### DATASET EXTRACT:
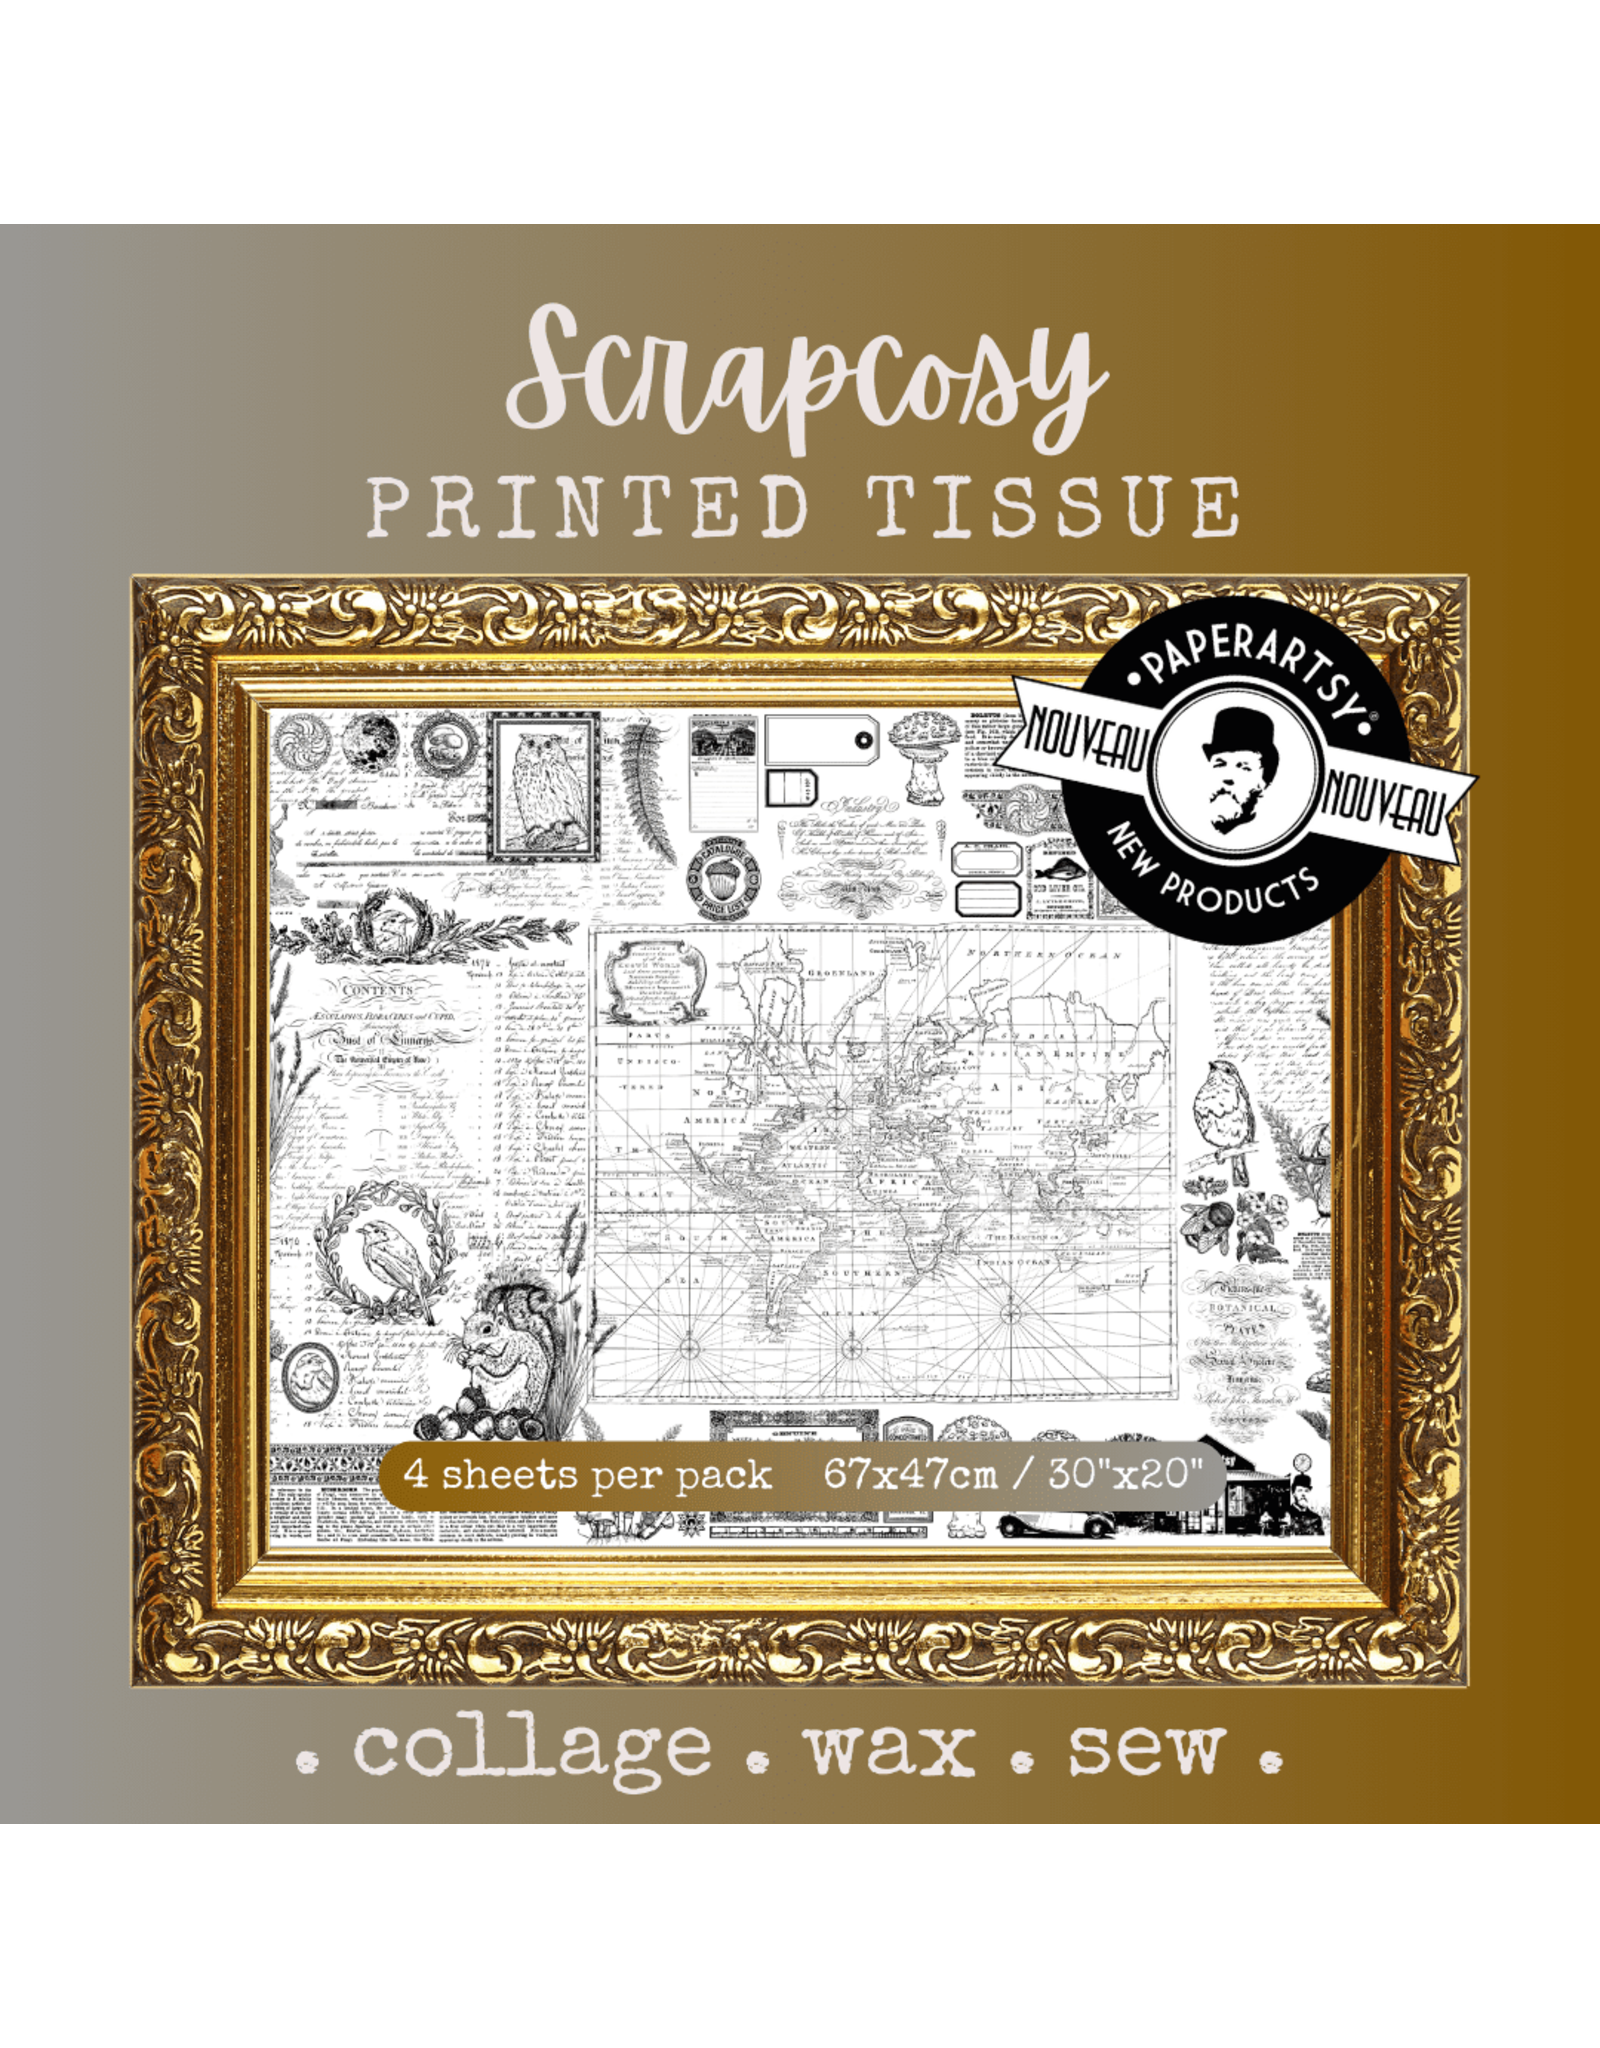 PAPER ARTSY PAPER ARTSY SCRAPCOSY PRINTED TISSUE COLLAGE PAPER 4 SHEETS
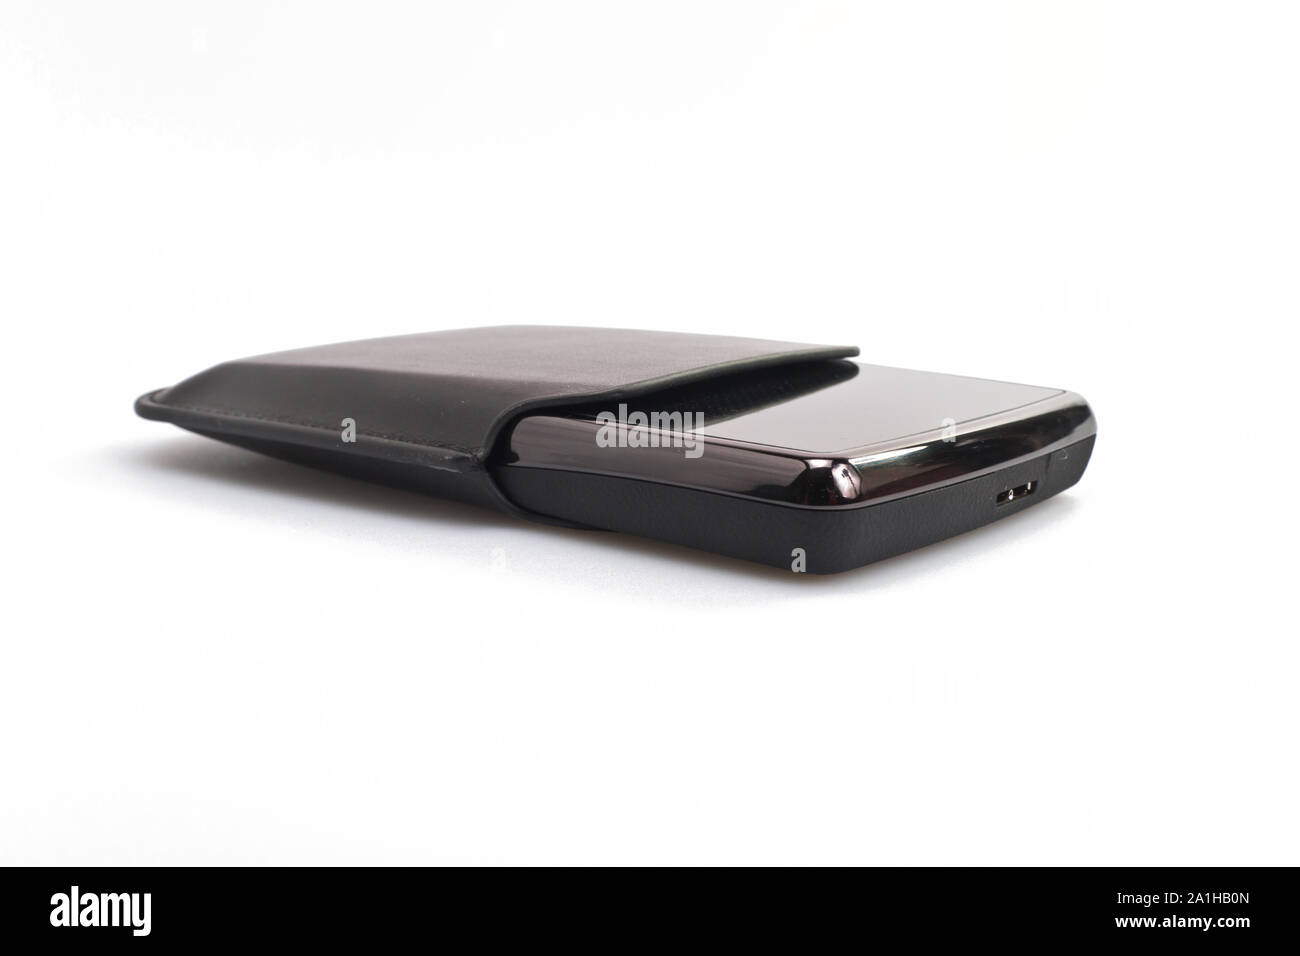 Black portable harddisk with soft leather case on white background Stock Photo
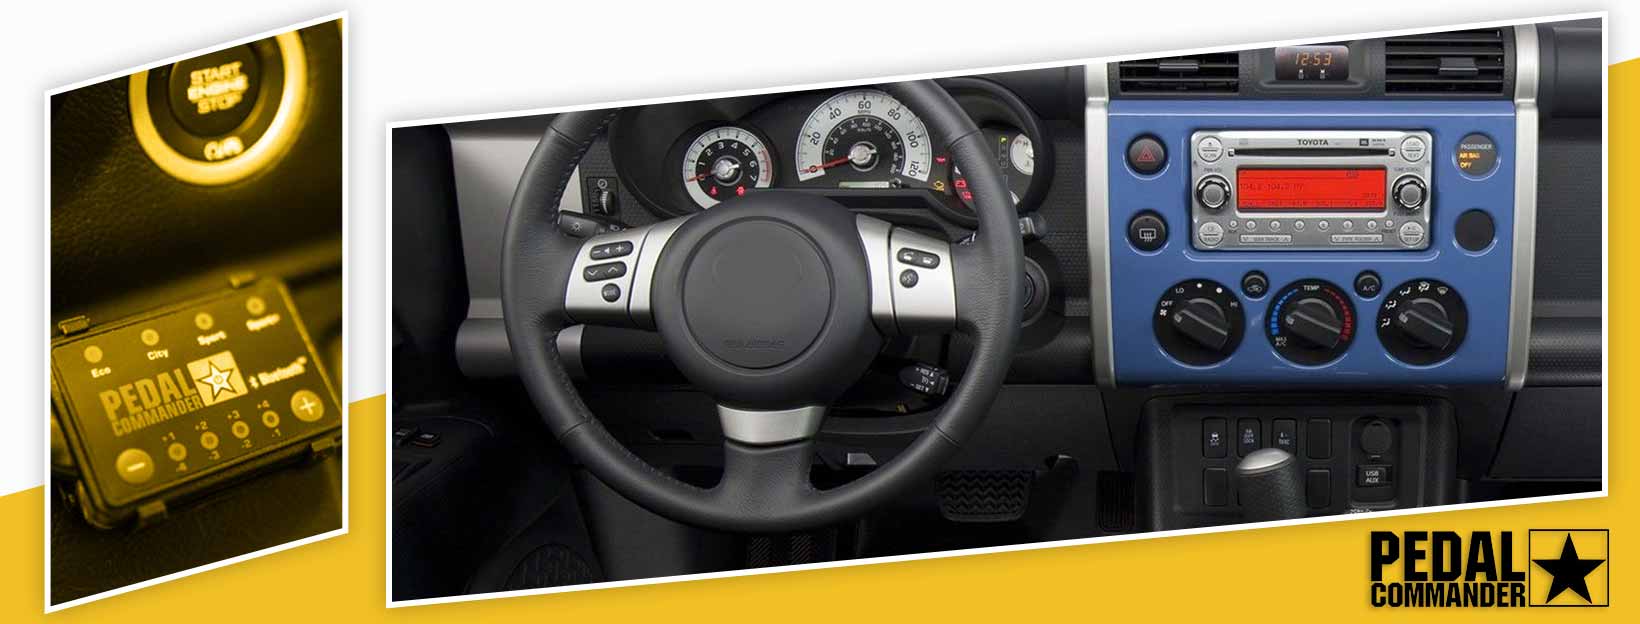 Pedal Commander for Toyota FJ Cruiser - interior

### PROBLEM REQUIREMENTS:
Set down, in exact form, only the lines that start at the one containing "Black portable harddisk" and finish at the last line of the material; pictures do not go in.

### WRITTEN ANSWER:
 Black portable harddisk with soft leather case on white background Stock Photo
 Pedal Commander for Toyota FJ Cruiser - interior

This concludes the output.